■ Recorded information ■
>>>

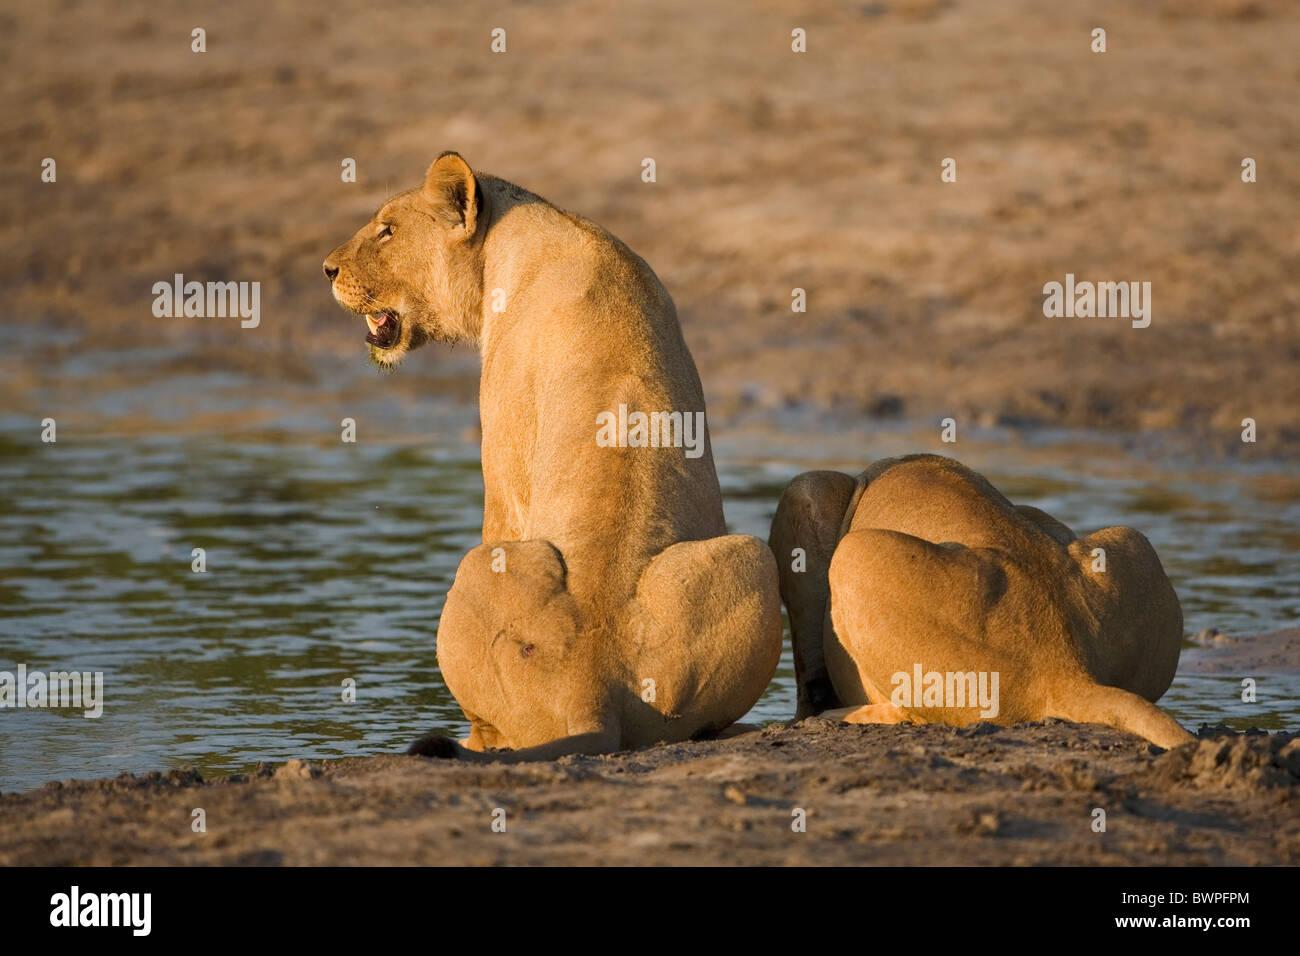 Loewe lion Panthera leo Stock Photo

<<<
>>>

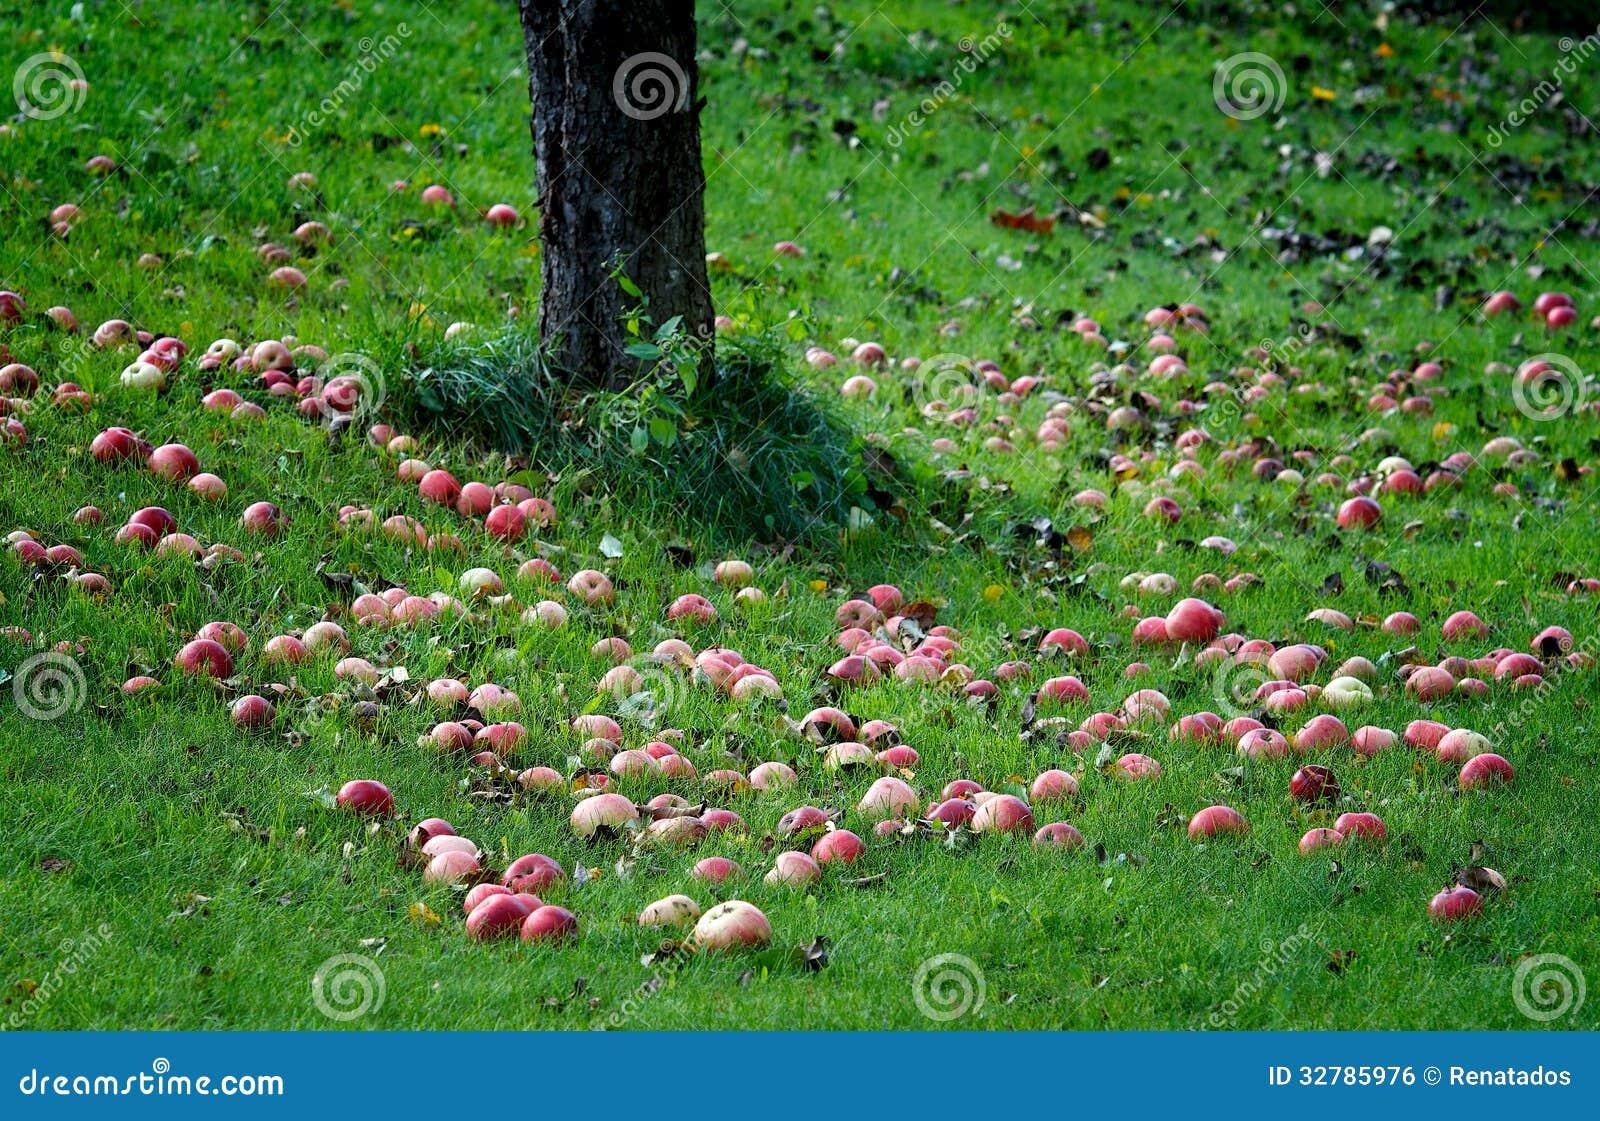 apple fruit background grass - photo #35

<<<
>>>

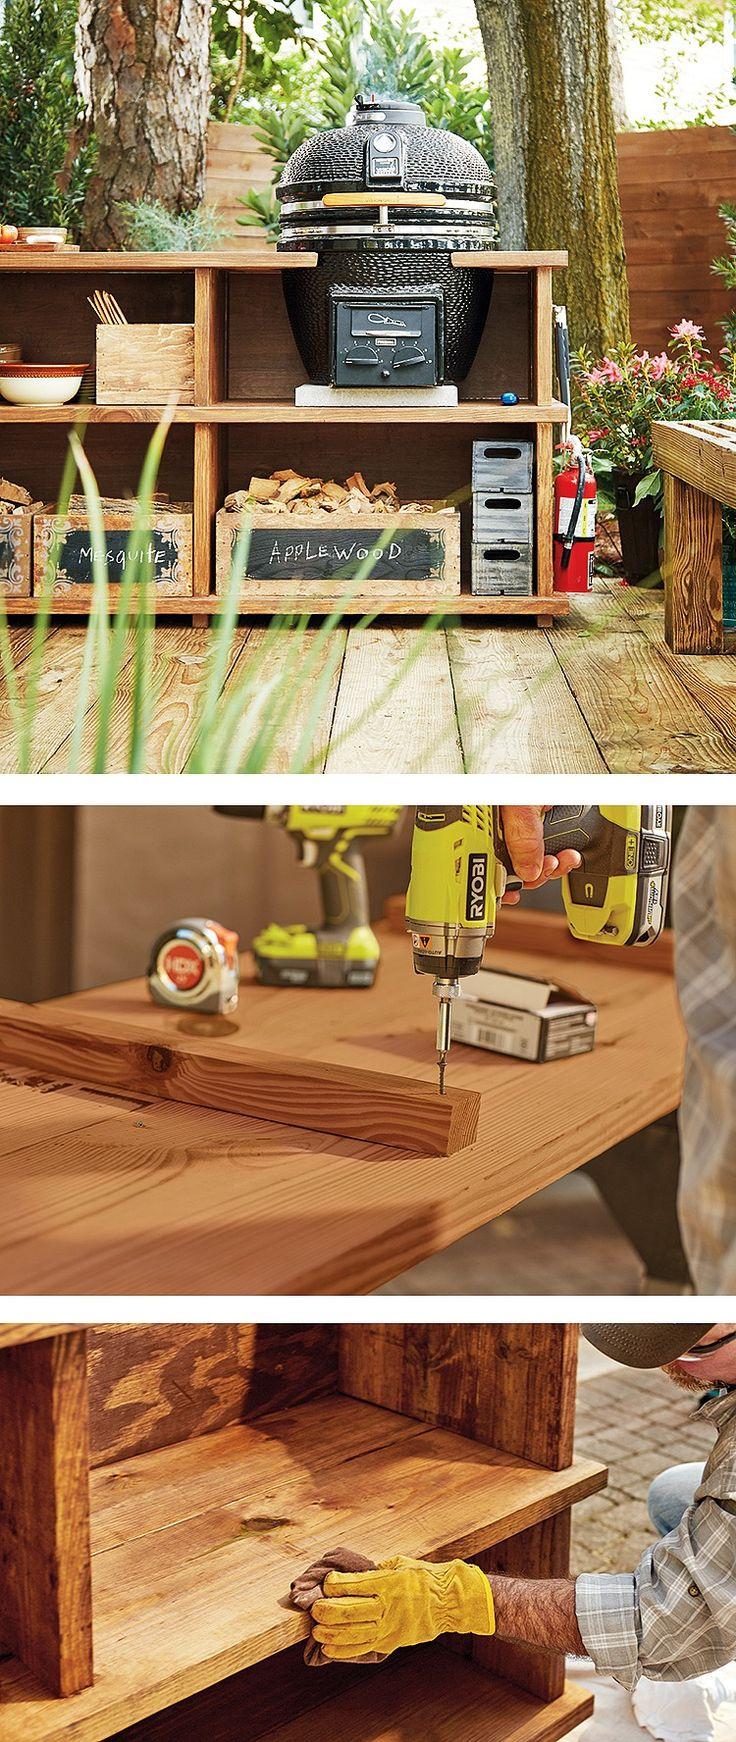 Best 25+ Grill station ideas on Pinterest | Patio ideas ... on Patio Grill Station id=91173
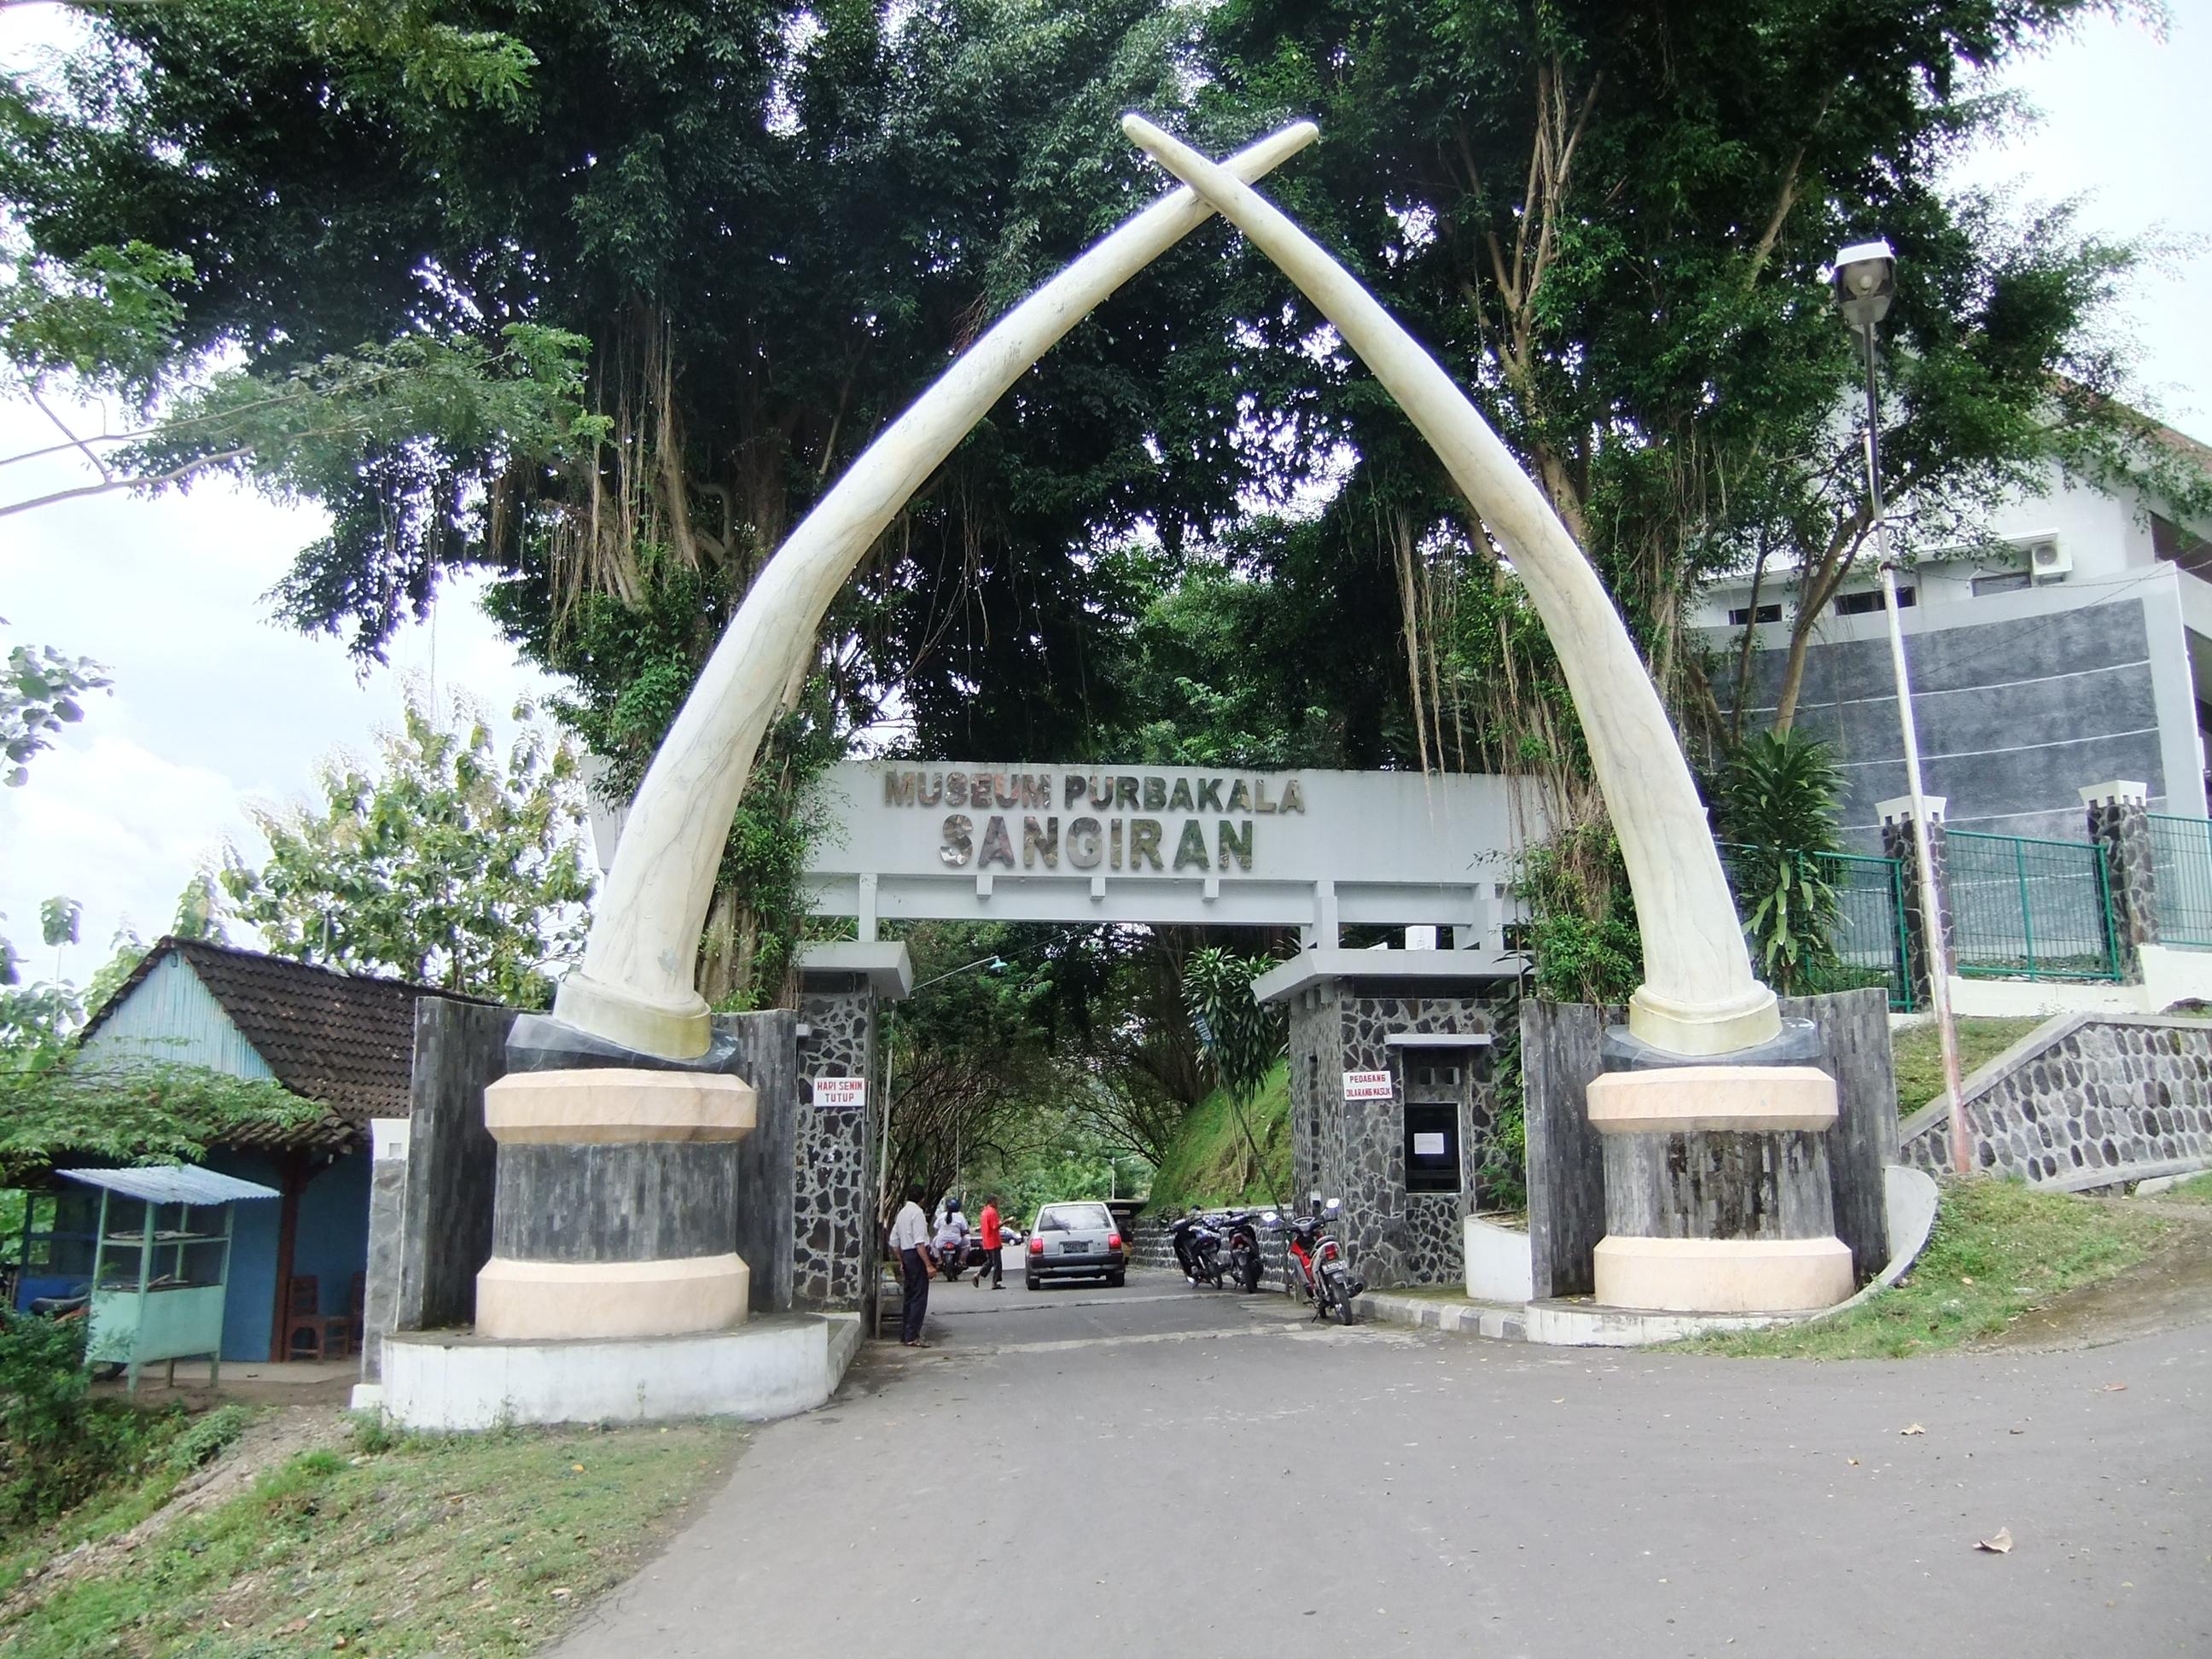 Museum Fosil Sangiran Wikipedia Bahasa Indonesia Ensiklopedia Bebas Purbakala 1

<<<

■ Exercise requirements ■
Return exactly the lines that appear in the data above between the line containing "Best 25+ Grill" and the line containing "Museum Fosil Sangiran", both of which are included, and leave the pictures out.

■ Written answer ■
 Best 25+ Grill station ideas on Pinterest | Patio ideas ... on Patio Grill Station id=91173
 Museum Fosil Sangiran Wikipedia Bahasa Indonesia Ensiklopedia Bebas Purbakala 1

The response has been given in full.